The Dude’s High 5s: Top 5 Movie Character’s Death Scenes

Last week I took a pounding for hating on some classic movies.   Except the Hangover … seems most of the super intelligent OL crowd didn’t fall for that movie.   This week I want to move on to happier topics, like death.   What makes a good death scene?   Dying for ones beliefs and convictions?   Sure, that’ll do.   Giving some epic prose before sloughing off this mortal coil?   Sure, that’s a good one too.   I think that a great death scene has meaning.   This means that we have to care about the characters, no easy feat.   So here they are, my top 5 Death Scenes.

Just be warned, there are spoilers ahead for the following movies: Star Wars, LA Confidential, Saving Private Ryan, Blade Runner, and Highlander: End Game.

5. Connor MacCleod (Christopher Lambert – Highlander: End Game)

Hate on Highlander all you want, I can’t hear you.   Ok, maybe I can a little bit.   Highlander is the ultimate example of what you get when you attempt to milk a franchise for every last dollar.   You get the good, the Highlander TV series (Which I have an encyclopedic knowledge of … go ahead, test me), the average, the original movie and Highlander 4, the bad, Highlander 2 and 3, and the “please god, make it stop, why, why, what have we done to deserve this, you can’t exist in a world that has horrors such as this” in Highlander: The Source.   Sidestepping all the bullshit that surrounds the Highlander mythos (Not to be confused with Methos, played by Peter Wingfield) what we have are good characters.   Like it or not, Highlander has imbedded itself in our culture.   For Fans of Highlander there has been the eternal question, Duncan or Conner.   This is our Kirk or Picard.   For my part I’m a Duncan guy.

Highlander: End Game is the first time the two are on screen since the pilot of Highlander the series.   What we are also treated to is the death scene of the immortal (literally) character Connor MacCleod.   The thing that makes this scene great is the reaction of Duncan when he figures out what Conner is doing and realizes he has to go through with it.   It’s a tough scene to pull off.   Imagine finding out that your best friend of 400 years wants you to kill him.   Yea, heavy shit.

 

4. Jack Vincennes (Kevin Spacey – LA Confidential)

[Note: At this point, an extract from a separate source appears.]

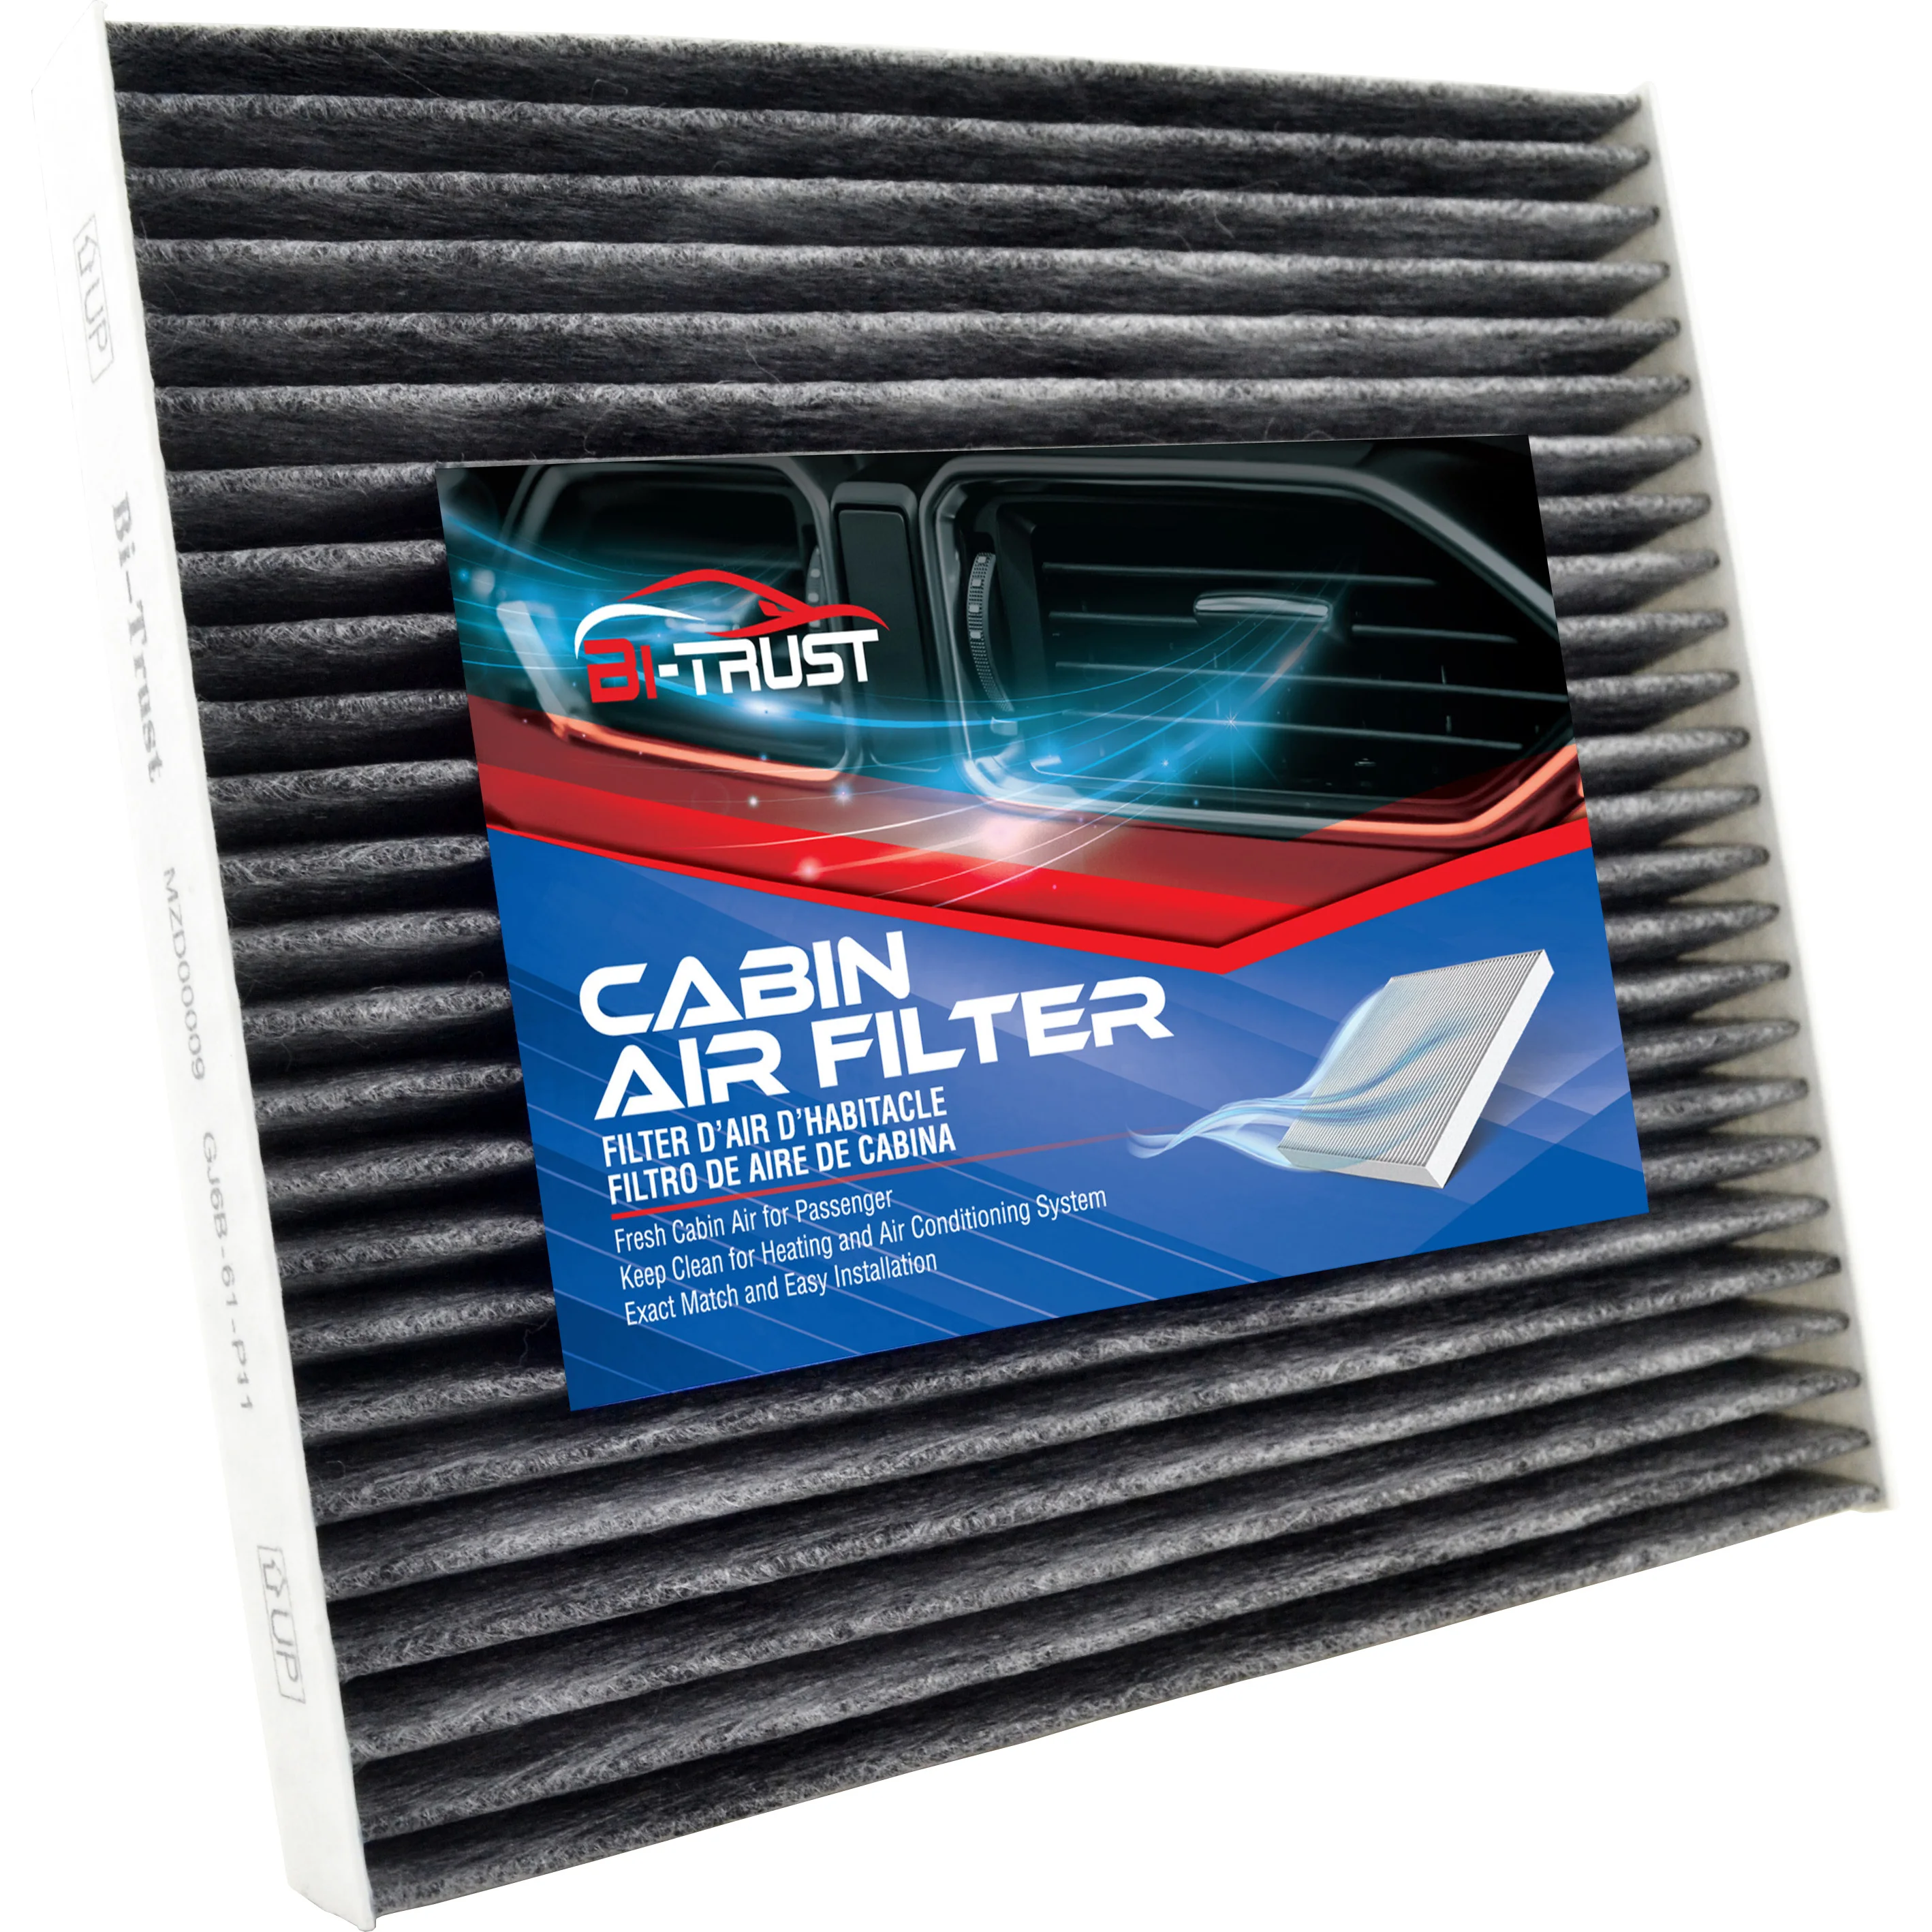 

Bi-Trust Cabin Air Filter for Mazda Cx-7 Ram 1500 2500 3500 4500 5500 CF11671 EG21-61-P11

If you’ve never seen LA Confidential then drop what you’re doing, clear the next 2 hours and 30 minutes from your schedule and watch it.   Go ahead, I’ll wait.   Hmm, kinda foolish for me to wait when you can just stop reading.

The reason I love this death scene is because with his dying words, Jack sets up his murderer.   With the life draining out of him Jack keeps his wits until the end.   He knows that planting the seed of Rolo Tomasi in the head of Captain Smith will ultimately lead to his downfall.

 

 

3. Obi Wan Kenobi (Alec Guinness – Star Wars: A New Hope)

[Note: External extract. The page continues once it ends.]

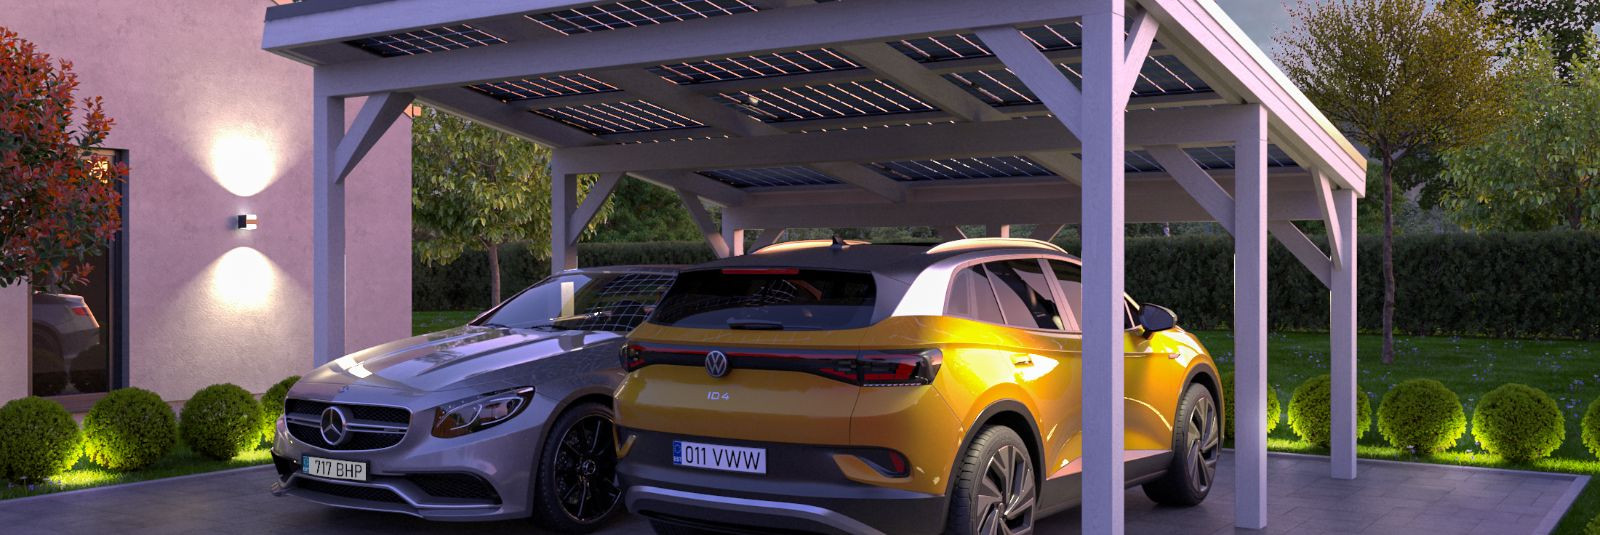 Puiduvennad OÜ uusim toode, Solar Ralf 28m2 auto varjualune, pakub mitmekülgset lahendust, mis ühendab stiili, kvaliteedi ja keskkonnasõbralikkuse. Tutvustame s

If you have to watch the video because you don’t quite remember this part, you might be on the wrong web site.   For the rest of us, we all know the line.

“You can’t win Darth, if you strike me down I shall become more powerful than you can possibly imagine.”

Lucas has never been a master of dialogue.   I think he just writes down what he thinks sounds epic.   However in this scene those words have meaning beyond just sounding cool.   In the literal sense, Obi Wan gains the ability to become one with the force thus letting him watch over and guide Luke more closely.   In the abstract sense, Luke witnesses the death of his mentor, sparking the fire in Luke to confront Vader in the later movies.   Its scenes like this that make the originals so great and the absence of substance that make the prequels so bad.

 

2. Captain John Miller (Tom Hanks – Saving Private Ryan)

Every time I think about not liking a Spielberg movie, or bashing him for whatever project he does, I remember that Saving Private Ryan earned him a lifetime pass from the Dude’s shit list.   He could break down my door, shoot my dog, piss on my computer, light my Xbox on fire, and use my Dresden hard covers as toilet paper.    The second I grab a bat to knock him around he could hold up a copy of this movie and get away unharmed.

Tom Hanks earned equal respect from me, although to be honest I’ve enjoyed almost everything he’s done (Fuck Mazes and Monsters though).   His final words to Pvt. Ryan choke me up every time.   This and only this has been hard evidence that I might have a soul.

 

1. Roy Batty (Rutger Hauer – Blade Runner)

I don’t have to write a word.   This scene speaks for itself.   However I will say that this scene did make me respect life just a little bit more than I though I could.

The other important lesson I took away from this scene is the aspect of living in fear.   Fear can paralyze the best of us and turn us into, as Roy puts it, a slave.   Fear can make us do things against our nature.   Fear is without a doubt the most chaotic of emotions.

How about you out there is internet land?   What character’s deaths meant the most to you?